Изменить размер шрифта - +
«Кролик» подпрыгнул на нескольких камнях, что не пошло на пользу моей подвеске, и остановился на относительно ровном месте.

В машине я чувствовала себя как в западне, и поэтому выбралась из нее, едва толькоперестали вращаться колеса. «Порше» остановился и урчал на дороге.

Пока я возвращалась, совсем стемнело, и свет фар слепил меня – один из недостатков хорошего ночного зрения. Я отвернула голову, и поэтому, когда Файдел вышел из машины, я это скорее услышала, чем увидела.

– Странно видеть иного на «порше», – холодно сказала я. – Блок цилиндров может быть из алюминия, но корпус стальной.

Машина издала глухой звук, словно по ней похлопали.

– На «порше» кладут много слоев хорошей краски, а у меня дополнительно четыре слоя воска, так что никаких проблем, – сказал он.

Как от воды на моем телефоне, от него пахло гнилой растительностью и солью. То, что я его не вижу, беспокоило меня: нужно уйти из света фар.

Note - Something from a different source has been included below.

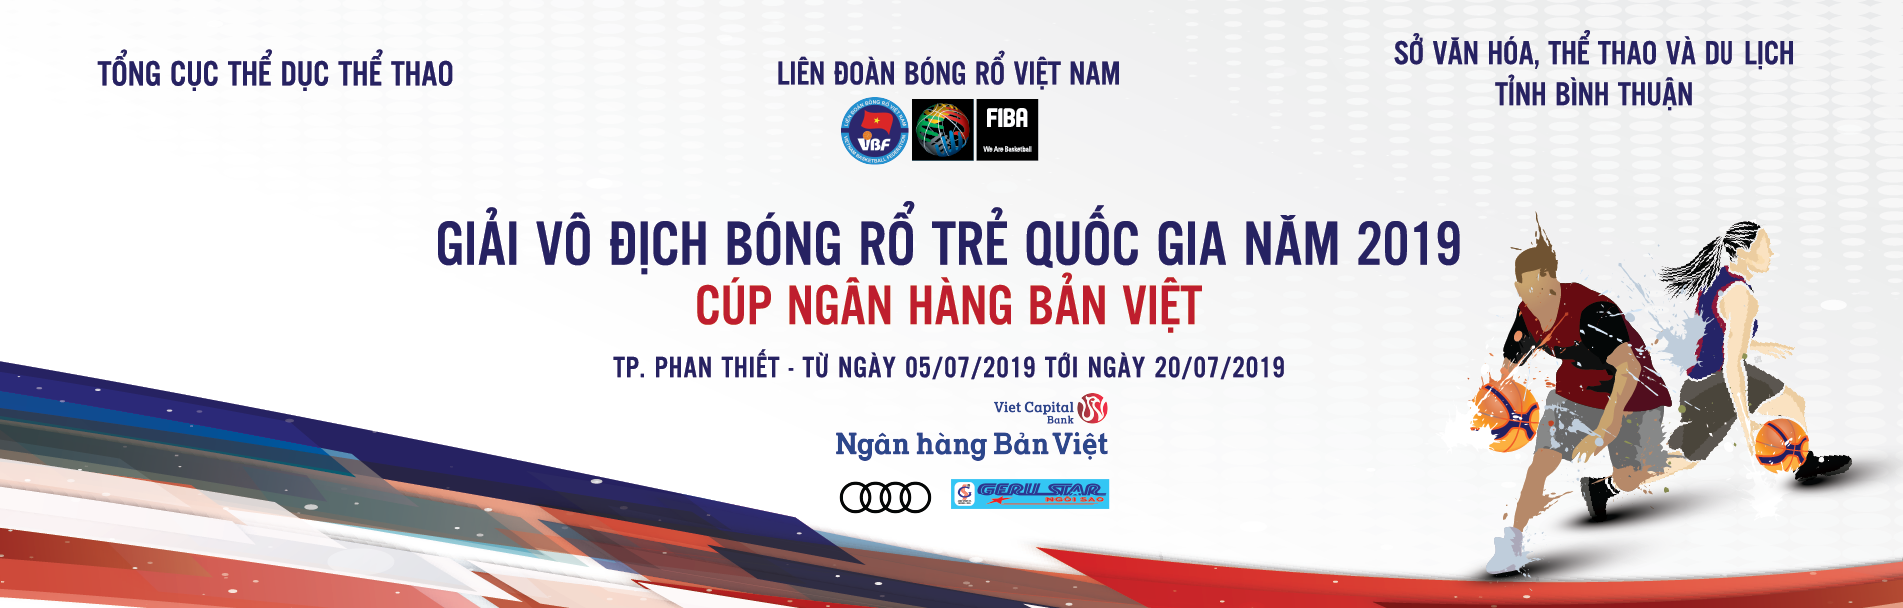 Thông cáo báo chí: Giải Vô địch Bóng rổ Trẻ Quốc gia năm 2019 - Cúp Ngân hàng Bản Việt

Я могу убежать, но бежать от того, кто может оказаться проворнее, – не самое умное. Только в самом крайнем случае. Может, ему нужен только этот дурацкий посох? Поэтому я вышла на дорогу и по широкому полукругу обошла свою машину, пока не оказалась сбоку от «порше», а не в свете его фар.

А когда ступила на асфальт, ощутила, как по нему словно катится волна магии. Сильная магия вызывает почти болезненное ощущение, словно языком касаешься обоих полюсов девятивольтовой батарейки. Сегодня в магии было нечто большее… нечто хищное.

Файдел далеко не так слаб, каким казался на приеме у Тима.

Я зашипела, ощутив сильную боль в ногах. И остановилась на другой стороне дороги. Глаза мне по‑прежнему жгло, но я разглядела его: он стоял у места водителя. Выглядел он не совсем так, как у Тима. Подробности были не видны, но мне показалось, что он стал выше и шире.

Он вежливо ждал, чтобы я остановилась, и только тогда заговорил. Обычно, когда за тобой охотятся, вежливость – дурной знак. Это значит, твой противник уверен: он может в любую минуту схватить тебя.

– Значит, ты маленькая собака с любопытным носом, – сказал он. – Не надо было совать его в чужие дела.

– Зи мой друг, – ответила я. По какой‑то причине слово «собака» оскорбило меня. Но было бы глупо говорить: «Я не собака». – Вы, малый народ, хотите, чтобы он принял смерть за чье‑то преступление. Я единственная, кто захотел найти настоящего убийцу. – Я соображала, по какой причине он может на меня сердиться. – Я сейчас смотрю на убийцу?

Он закинул голову и рассмеялся – низким грудным смехом. А когда снова заговорил, в голосе слышался шотландский акцент, и этот голос стал на пол‑октавы ниже.

– Я не убивал О'Доннелла, – сказал он, что было не совсем ответом на мой вопрос.

– У меня есть защита, – спокойно сказала я, стараясь не говорить вызывающе. – Убьешь меня – начнешь войну с вервольфами. Нимейн в курсе.

Он поводил головой из стороны в сторону, как спортсмен, разминающий мышцы шеи. Его волосы стали длиннее и влажно шуршали, падая на плечи.

– Нимейн не та, что прежде, – сказал он. – Слаба, слепа и слишком беспокоится о людях.

Он вдохнул и начал расти, когда вдох закончился, силуэт Файдела оказался выше любого виденного мной мужчины по меньшей мере на фут, и в ширину он был почти такой же, как в высоту. Мои глаза привыкли, и я увидела, что изменились не только его размеры.

– Твой смертный зов прозвучал, – сказал он. – И до сих пор мне никто не говорил, что его отменили.

Он снова рассмеялся и встряхнулся. С темных полос, покрывавших его, как обтрепанный ковер, слетела пена.